An old bug in our TLS library that caused IKE/EAP identities to not get matched against certificates in TLS-based EAP methods can possibly lead to an authorization bypass vulnerability. This bug was fixed with 5.9.6. However, there are still vulnerable versions packaged by distributions.

Potential Authorization Bypass With TLS-based EAP Methods

When certificates are used to authenticate clients in TLS-based EAP methods, the IKE or EAP identity supplied by a client is not enforced to be contained in the client's certificate.  So clients can authenticate with any trusted certificate and claim an arbitrary IKE/EAP identity as their own. This is problematic if the identity is used to make policy decisions. Affected are strongSwan versions 5.9.2 through 5.9.5.

CVE-2022-4967 has been assigned for this vulnerability.

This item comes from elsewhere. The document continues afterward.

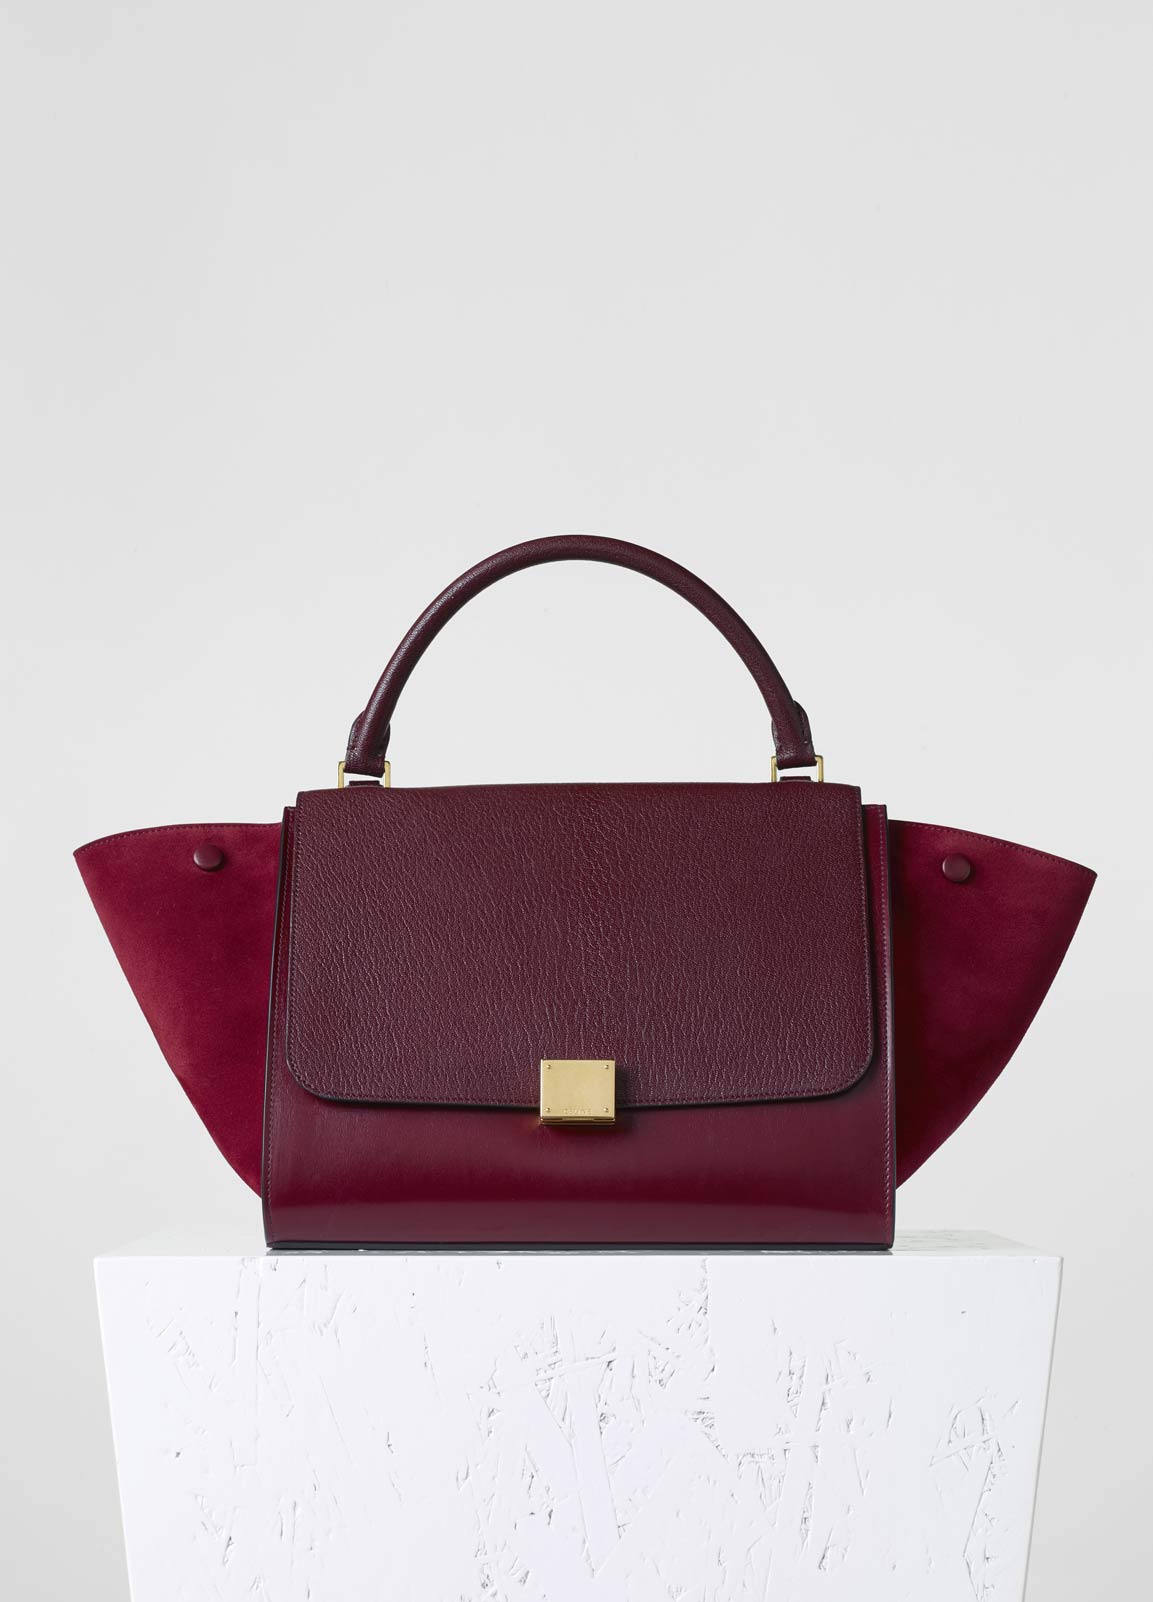 where can i buy a celine bag, celine handbags online shop usa

Wrong Identity Used in Lookup for Client Certificate

The changes that added TLS 1.3 to our TLS library (libtls) with 5.9.2 refactored the lookup for trusted client certificates on the server. Instead of continuing to use the IKE or EAP identity supplied by the client to find a matching certificate, the lookup was done with the client certificate's subject DN, which will always succeed as long as the certificate is trusted. So the client could claim an arbitrary IKE/EAP identity that would not have to be contained in its certificate.

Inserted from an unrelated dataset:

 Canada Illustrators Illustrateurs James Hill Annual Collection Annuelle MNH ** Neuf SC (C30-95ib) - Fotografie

This is a problem if that identity is used to make policy decisions either via strongSwan's configuration (e.g. switching between multiple connections that allow access to different networks) or via plugins/scripts that match the identity (e.g. via the ext-auth, updown, or whitelist plugins).

Remote code execution is not possible due to this issue.

Credit to Jan Schermer for pointing out the issue with matching IKE identities in vulnerable versions and reporting it responsibly.

Mitigation

Again, setups that use strongSwan versions older than 5.9.2 or newer than 5.9.5 are not affected.

Setups that don't match client identities when using TLS-based EAP methods are also not vulnerable as clients still have to use a trusted certificate.

For affected releases, we provide patches that fix the vulnerability and should apply with appropriate hunk offsets.